- _TASK TO CARRY OUT_:
Set down each line of the material that follows exactly, and leave its pictures out.

- _GIVEN MATERIAL_:
^^^^^^^^

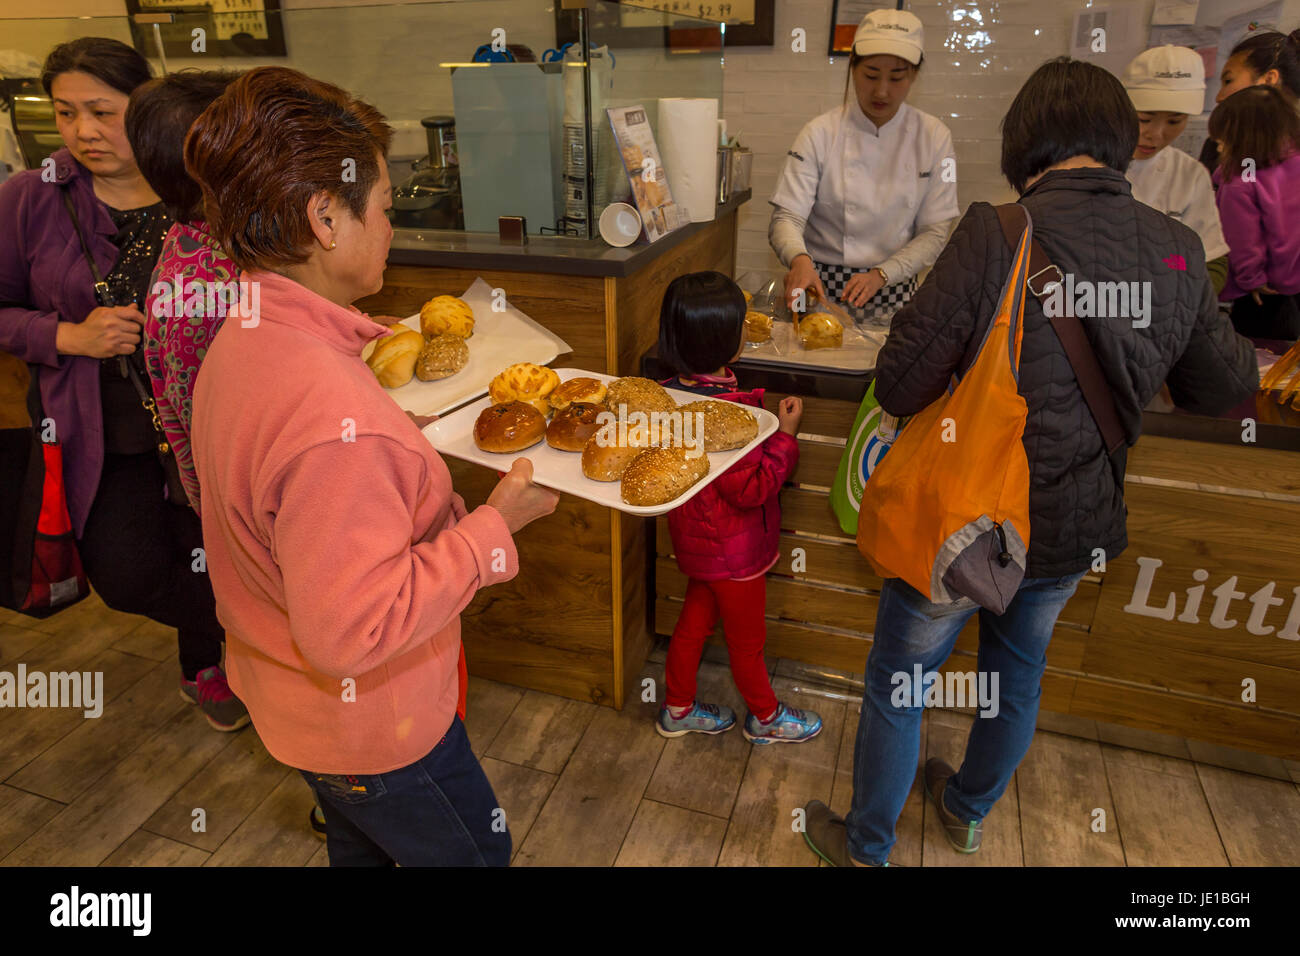 Chinese-Americans, Chinese-American people, shoppers, shopping, Little Swan Bakery, Stockton Street, Chinatown, San Francisco, California Stock Photo
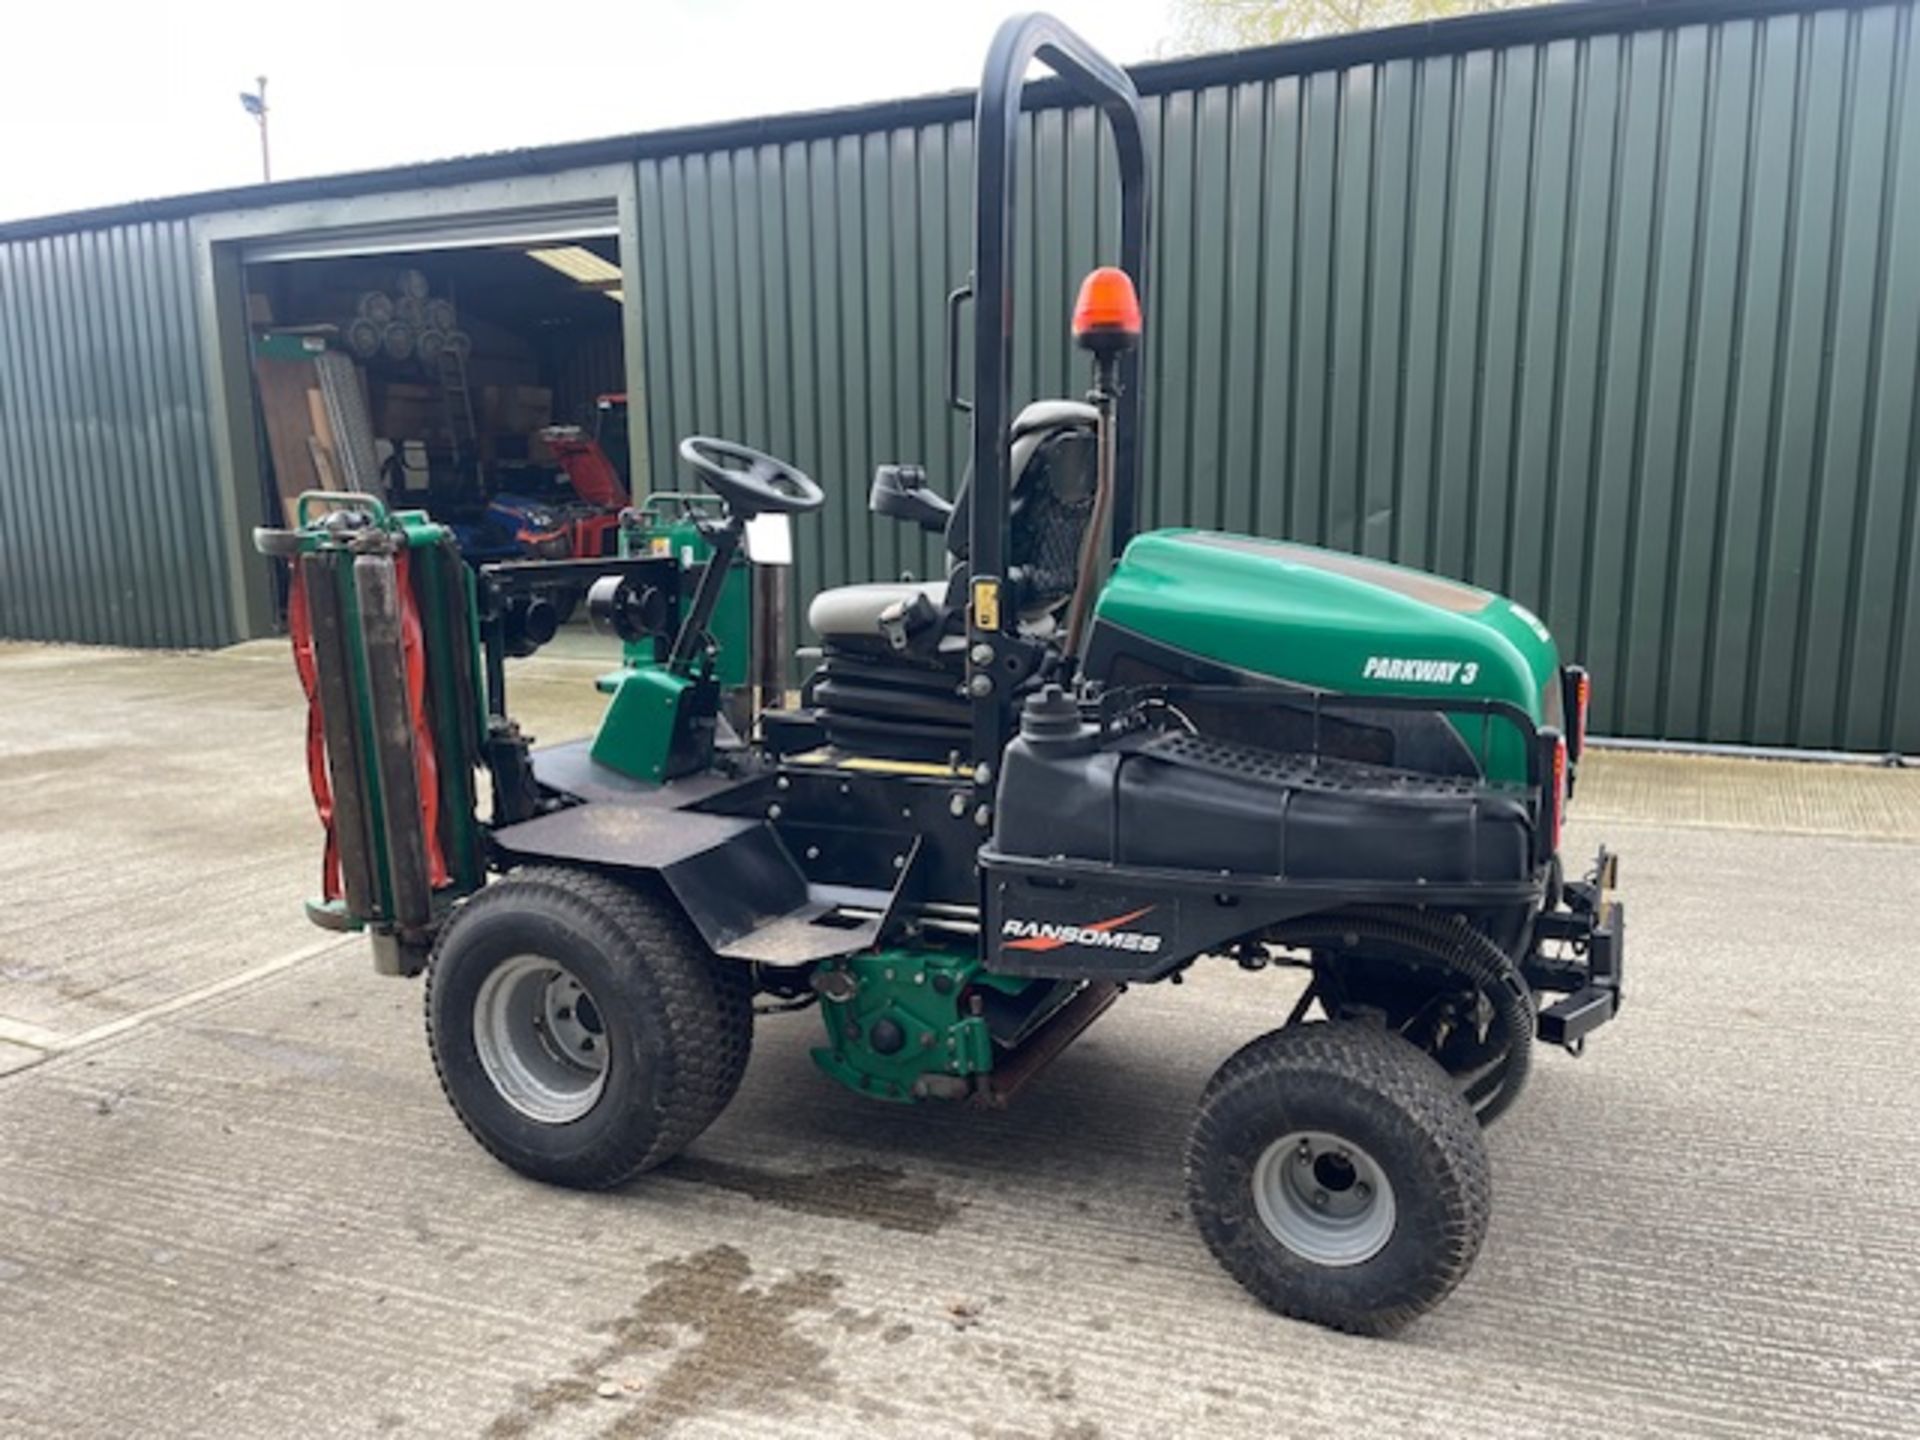 2017/2018 - RANSOMES PARKWAY 3 RIDE ON MOWER (2400 hours)
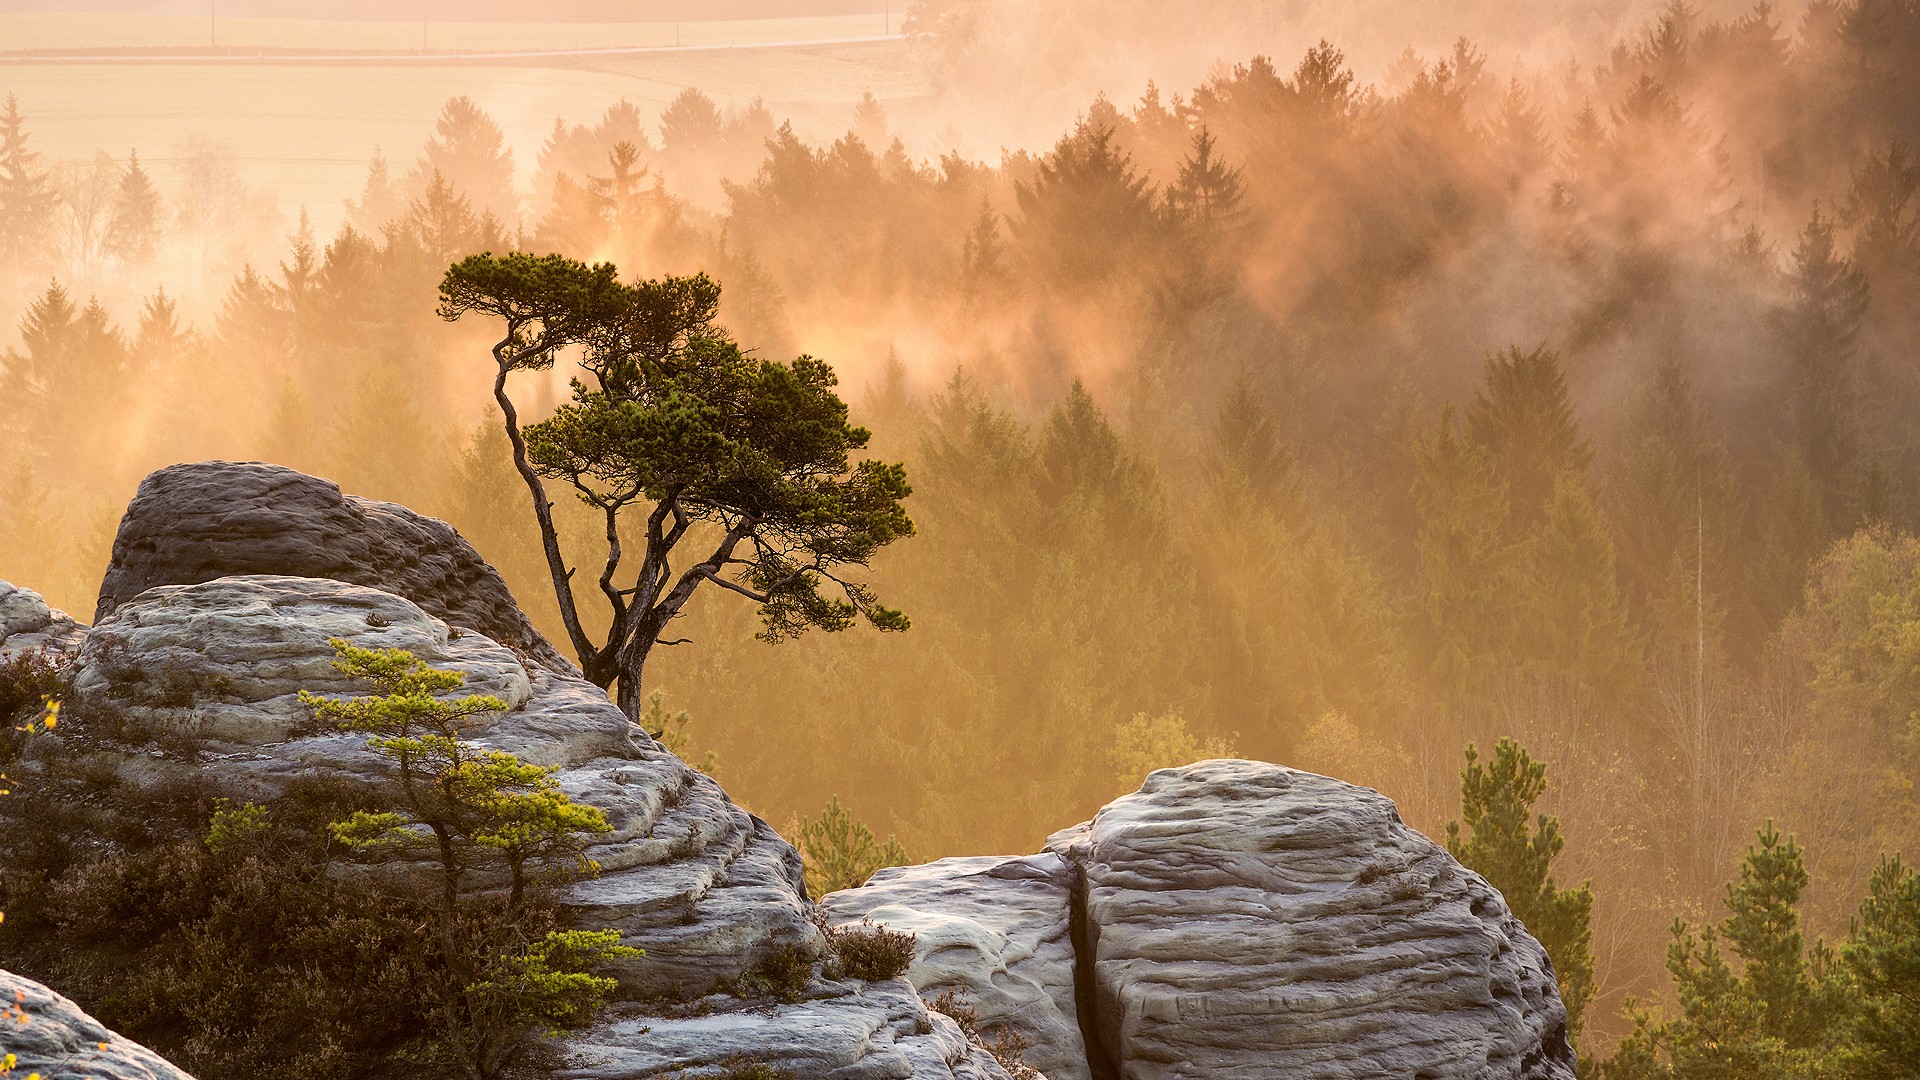 General 1920x1080 nature landscape mountains trees rocks mist forest sunset sun rays

^^^^^^^^

- _EXERCISE RESPONSE_:
 Chinese-Americans, Chinese-American people, shoppers, shopping, Little Swan Bakery, Stockton Street, Chinatown, San Francisco, California Stock Photo
 2017/2018 - RANSOMES PARKWAY 3 RIDE ON MOWER (2400 hours)
 General 1920x1080 nature landscape mountains trees rocks mist forest sunset sun rays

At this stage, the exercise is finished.